CRIME

Polícia prende homem que se passava por menina para assediar crianças

Criminoso foi encontrado em Teresina (PI). Ele usava o nome de Luiza Emanuelly para atrair as vítimas

Luana Patriolino
postado em 21/07/2021 17:49 / atualizado em 21/07/2021 17:50
Depois de apreender o celular do suspeito, polícia descobriu que havia mais crianças assediadas -  (crédito: Reprodução)
Depois de apreender o celular do suspeito, polícia descobriu que havia mais crianças assediadas - (crédito: Reprodução)

Um homem, 23 anos, foi preso, nesta quarta-feira (21/7), suspeito de ter abusado de pelo menos 70 crianças em vários estados do Brasil e no Distrito Federal. A investigação é da 13ª Delegacia de Polícia (Sobradinho), que cumpriu mandados de apreensão e prisão preventiva. O criminoso foi encontrado em Teresina, no Piauí.

Com o nome de Luiza Emanuelly na internet, o suspeito usava perfis falsos para meninos e adolescentes. Com as vítimas, ele mantinha conversas pautadas por conteúdos sexuais durante semanas. Os meninos eram convencidos a enviar fotos e vídeos nos quais apareciam nus.

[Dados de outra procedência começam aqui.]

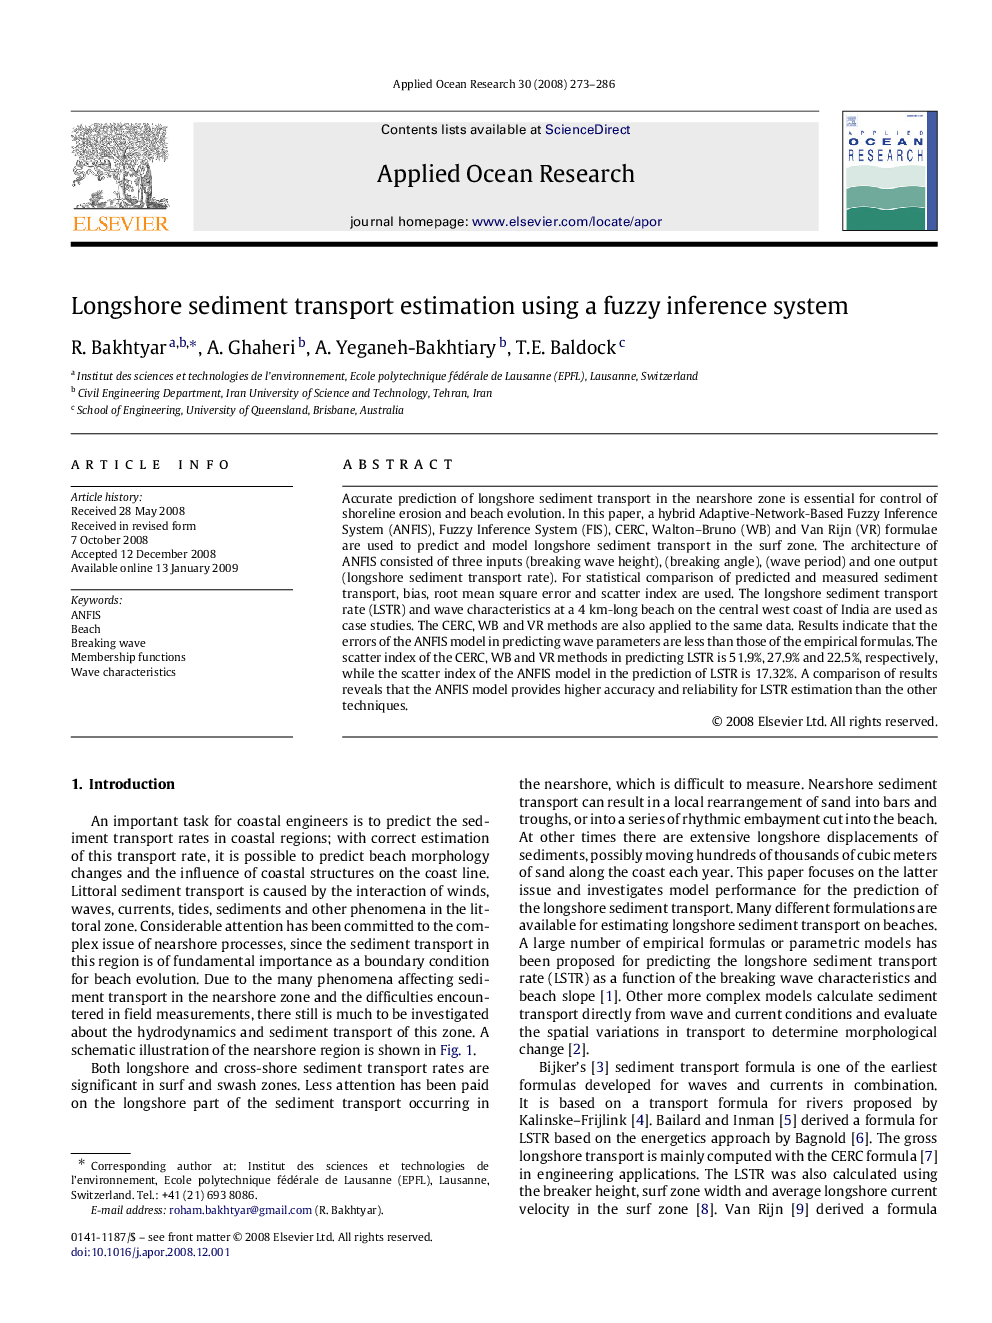 Longshore sediment transport estimation using a fuzzy inference system

As investigações começaram em março, após a denúncia de uma mãe na 13ª DP. “Ela narrou que o filho estava conversando desde dezembro do ano passado com um perfil e que ele estava apagando essas conversas. Achando estranho, ela passou a monitorar nas redes sociais e observou que ele estava encaminhando fotos”, explicou a delegada adjunta da 13ª DP, Ágatha Braga.

A suspeita é que existam ainda mais vítimas pelo Brasil. “Identificamos 70 crianças mas, hoje, como apreendemos o aparelho dele, também pudemos observar que, recentemente, ele conversava com muitas outras crianças que ainda não tínhamos conhecimento”, disse Braga.

As vítimas têm entre 8 e 15 anos de idade. O criminoso permanecerá preso no Centro de Detenção Provisória (CDP), na Papuda. Morando com a mãe e o irmão, ele não tinha passagens pela polícia e também não trabalhava. O suspeito tentou se esconder em perfis falsos. “Ele usava muitas técnicas para atrapalhar a investigação. Ele tinha um conhecimento relativo de informática, até mesmo por ser um jogador assíduo, uma pessoa que utilizava o computador praticamente 24 horas por dia”, disse a delegada.

Todo o material apreendido será analisado por peritos do Instituto de Criminalística (IC). O objetivo é apurar se outras pessoas também estavam associadas ao crime.